The light stone revealed chiseled drawings; some the size of my hand, others bigger than a man’s height. There were rolling wheels—suns with spokes; flowers with four petals, like a cross; large and small fish, swimming in various directions; crooked and straight lines, furrows in the stone; flattened beavers, the way skins are spread out; dozens of deer wandering in a long herd; hunters following the deer and catching them with unnaturally long spears; chains of bear tracks, birds with bony wings and harpy beaks; animals that look like an animated saw with a snail’s head; boats and snowshoes; dogs turned upside down as if in space orbit; triangular eyes with oval pupils; a gaping circle—the way the vagina is depicted in anatomical atlases; a round woman with short legs and arms, and inside her, head down, a child floats weightlessly; a man with an incredibly long, snake-like penis that makes him resemble a spermatozoon; axes and oars; animals, people, whales, pulled together by threads like umbilical cords growing out of one another, a mixture of differences, miscegenation of everything living.
The drawings were alive, breathing like fish roe in the warm water of shallows; it seemed they even had a fragrance, spicy, voluptuous; the figures and ornaments met, combined, flew apart, and it was a single act of creating life; the power of the drawings made the earthy black of the fox den vanish from within me; the drawings were not art, not depictions—they were elemental, as if the existence of the people who had made them was transferred completely, without remnant, into them.
They were petroglyphs; I knew they were occasionally found in the tundra here; they were left by tribes that had lived seven or eight thousand years before our era. But at the moment I wasn’t thinking about that.
There is a special sense of day in the tundra; a day is an enclosed space, something three-dimensional; in the tundra, where you need not glasses but binoculars, where the summer sun almost never sets, this room of the day is particularly spacious; here in the high latitudes where the meridians almost meet and the parallels are small circles, day reigns, an enormous vault, a single day for the entire world; astronomically that is not correct but that is the true impression.

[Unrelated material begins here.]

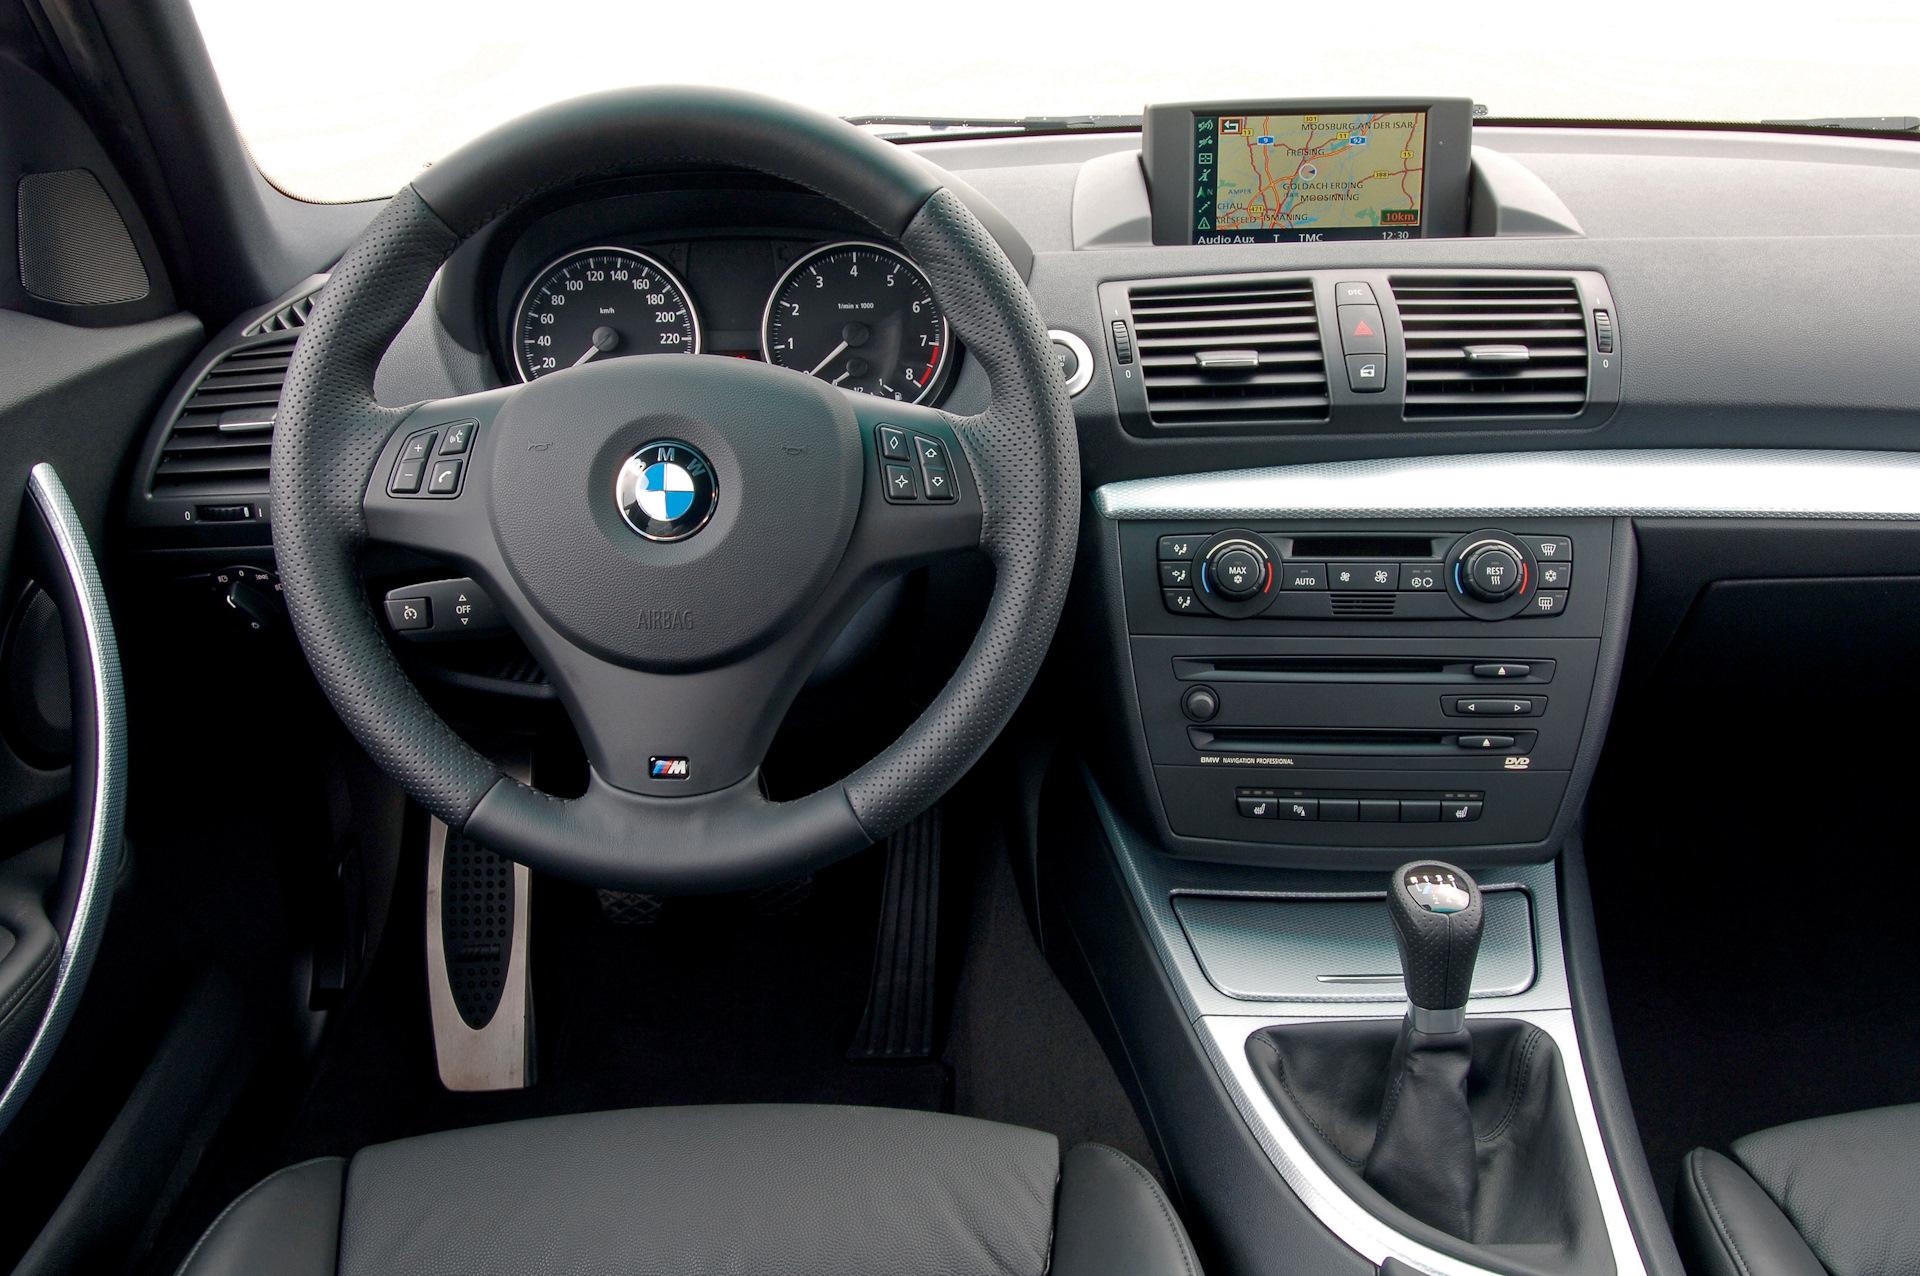 Замена штатного руля BMW 1-Series Е87 на М-версию

The stranger gave me a mug; the overbrewed tea was bitter, but the bitterness gently and willfully prompted my heart, making it beat harder and faster, invigorating me and giving me strength.
“You’re not following me?” the man asked.
Despite his gun, he was afraid; he would not have hurt me and he knew it.
“People follow me,” the man said. “Think I’ll lead them to the petroglyphs.” He pointed to the drawings. “You can get money for them, if you can break them from the stone and get them out.”
The light and the shadows lessened at last; the stone suns dimmed and the earth’s darkness melted away. The tension of feeling eased and I saw the man clearly, in full detail.
He had cancer: his face seemed to be inflated from inside, like the caricatures made by street artists, exaggerating lips, cheeks, all the flesh of the face; the overgrown flesh of his lips sagged, the cheeks covered his eyes, the mouth was double in length, and not a single hair grew on his smooth sausage skin.
“This is from radiation,” he said. “What’s inside my body is worse. The gun—it was given to me as an award—is for shooting myself when I can’t stand it anymore.”
My unexpected comrade was a military man; long ago he had looked for places in this tundra for underground nuclear tests; he had come from a region with forests and did not know that the tundra could make you lost as well, like a forest, but in a different way: the forest changes where the light is coming from, confuses tracks, while the tundra is open, you can see everything, but suddenly you look around, nothing but hillocks, and your mind, busy with thoughts, has not retained any orientation markers.